¿Qué pueden tener en común Shylock, el judío prestamista usurero de la clásica obra teatral de Shakespeare “El Mercader de Venecia” (1600), mi antiguo profesor de filosofía del derecho en la PUCMM, aquel alto funcionario público que conocí en un coloquio de ANJA-RD y el honorable exmagistrado de la Suprema Corte de Justicia, Dr. Jorge Subero Isa? Mi respuesta: la concepción y visión del derecho. Diría que jurídicamente han razonado y pensado pimpún, al menos en una que otra ocasión. Veamos:

De Shylock la historia es bien conocida.

Este judío celebró un contrato con Antonio, un cristiano mercader de Venecia, mediante el cual le entrega en préstamo la suma de 3,000 ducatos bajo la cláusula penal de que si no pagaba al llegar el término convenido, tendría derecho a tomar una libra de su carne corporal. Por causas extrañas a su voluntad, Antonio incumple pagar dentro del término, pero intenta justificarse con causa cierta, suplica a Shylock que acepte el pago en esa circunstancia, pidiendo reiteradamente su perdón; otros de sus amigos interfieren apelando vanamente a la sensatez y al humanismo que el judío nunca demuestra, e incluso se le ofrece el doble del capital adeudado a fin de compensar la mora, pero nada de esto lo convence, pues entiende que debe procederse según la ley del contrato –que dice ser clara-, por aquello de que, independientemente de lo que pueda considerarse justo o injusto, baladí, capricho o un abuso, la ley es la ley y debe respetarse.

Al final, Shylock resulta ser el más perjudicado de la historia: se le aplica el mismo método de interpretación jurídica, pues al concedérsele el derecho sobre la libra de carne de su deudor, le es advertido que el contrato solo se refiere a la carne, no así a la sangre, por lo que de derramar una sola gota de ésta, debía pagar con su vida y todos sus bienes serían confiscados según la ley de Venecia. Shylock desiste de su pretensión y dice aceptar el pago de la deuda con el doble del capital originalmente ofertado, pero es muy tarde, como ha dicho, el contrato es la ley, debe respetarse. Luego, el judío desalentado dice conformarse con la devolución del capital original de la deuda, pero como ya había rechazado esta opción no podía aceptarla ahora [¿doctrina de los actos propios?]. Y se suma una nueva agravante, con el principio de ejecución de su cobranza en especie, se argumenta que consumó el crimen de atentado contra la vida de un ciudadano de Venecia cometido por un extranjero, cuya penalidad también implicaba su vida y la perdida de todos sus bienes a favor del Estado y de su antiguo deudor -su víctima-. Por una de esas paradojas de la vida, aunque le fuera perdonada la pena de muerte, el judío abanderado del legalismo terminó como Chacumbele, victimario de sí mismo, o bien, del respeto estricto y ciego de la ley por ser la ley.

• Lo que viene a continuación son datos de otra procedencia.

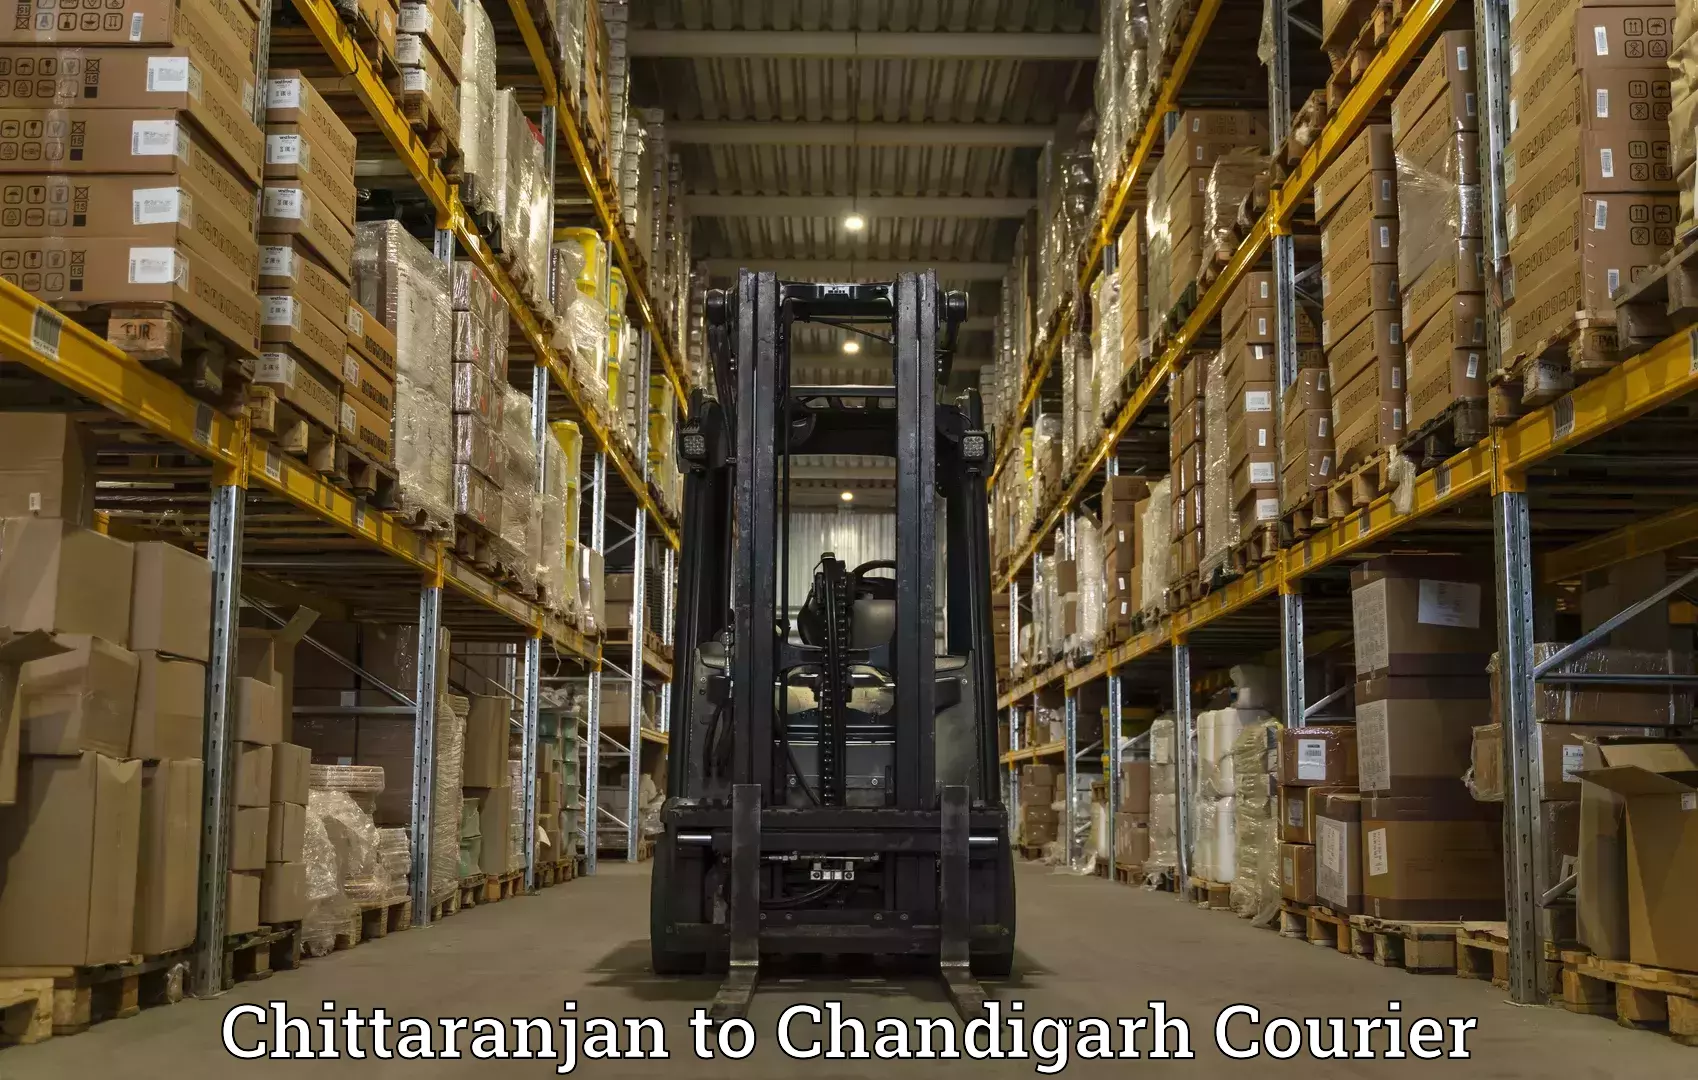 Multi-city courier Chittaranjan to Chandigarh

Del destacado antiguo profesor de filosofía del derecho, Lic. Mariano Rodríguez, lo he dicho antes...

Para mí, que entiendo haber empezado a sacar la cabeza de la cueva no hace mucho, este profesor registra el logro de haber dilatado y obstaculizado –hoy no dudo que inconscientemente o sin querer queriendo- la compresión del derecho a sus alumnos -o a los de mi matrícula- como ningún otro profesor de la carrera dada la importancia imprescindible pero subvalorada de la filosofía jurídica para la formación del futuro abogado y jurista.

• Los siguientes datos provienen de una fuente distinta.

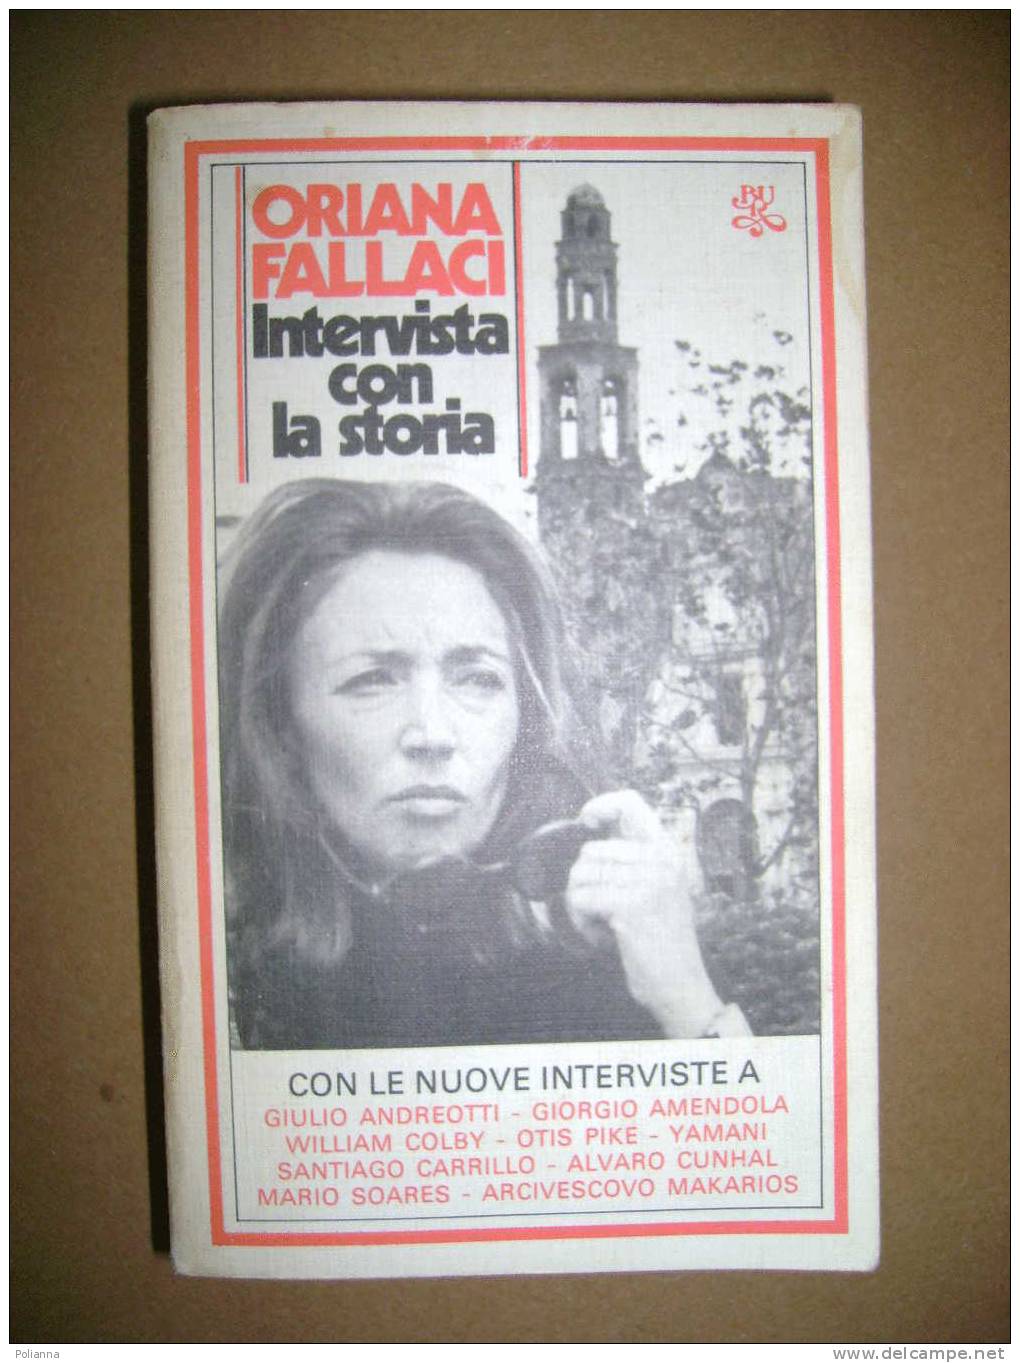 PAC/20 Oriana Fallaci INTERVISTA CON LA STORIA Bur Rizzoli 1980 - Journalismus

Lo anterior me llega del siguiente recuerdo: frente a las dudas y discusiones de estudiantes que les eran presentadas procurando explicación racional, entre los múltiples por qué esto y por qué aquello, su respuesta siempre fue una: “pues porque lo dice la ley”, “pero… profesor?!”, y repetía: “…lo dice la ley (y punto)”. En ocasiones agregaba: “dura lex sed lex” [no dudo que hoy muchos de esos antiguos estudiantes hagan lo mismo como profesores o razonando desde estrados]. El silencio inmediato en el salón significaba al profesor haber cumplido con su deber pedagógico; para él, seguro que una prueba de auto-convencimiento de su efectividad didáctica en la impartición de ese curso, al tiempo que los estudiantes empezamos a entender y a mal asimilar los fenómenos sociales, las instituciones jurídicas y los conflictos judiciales como un paquete de problemas para los que los abogados deben encontrar soluciones preestablecidas en el universo de leyes vigentes, y solo en estas leyes.

De ahí que para muchos aprendices de brujo -como yo, entonces sin saberlo-, fortalecer nuestra capacidad memorística resultó más útil e importante que dominar cualquier otra técnica y método jurídico, y así lo sigue siendo para no menos número de abogados, fiscales y jueces que se convencen de ello a propósito de su efectividad en el ejercicio cotidiano.

Sobre el distinguido exfuncionario, entonces Director de la Direccción General de Impuestos Internos, Lic. Guarocuya Félix…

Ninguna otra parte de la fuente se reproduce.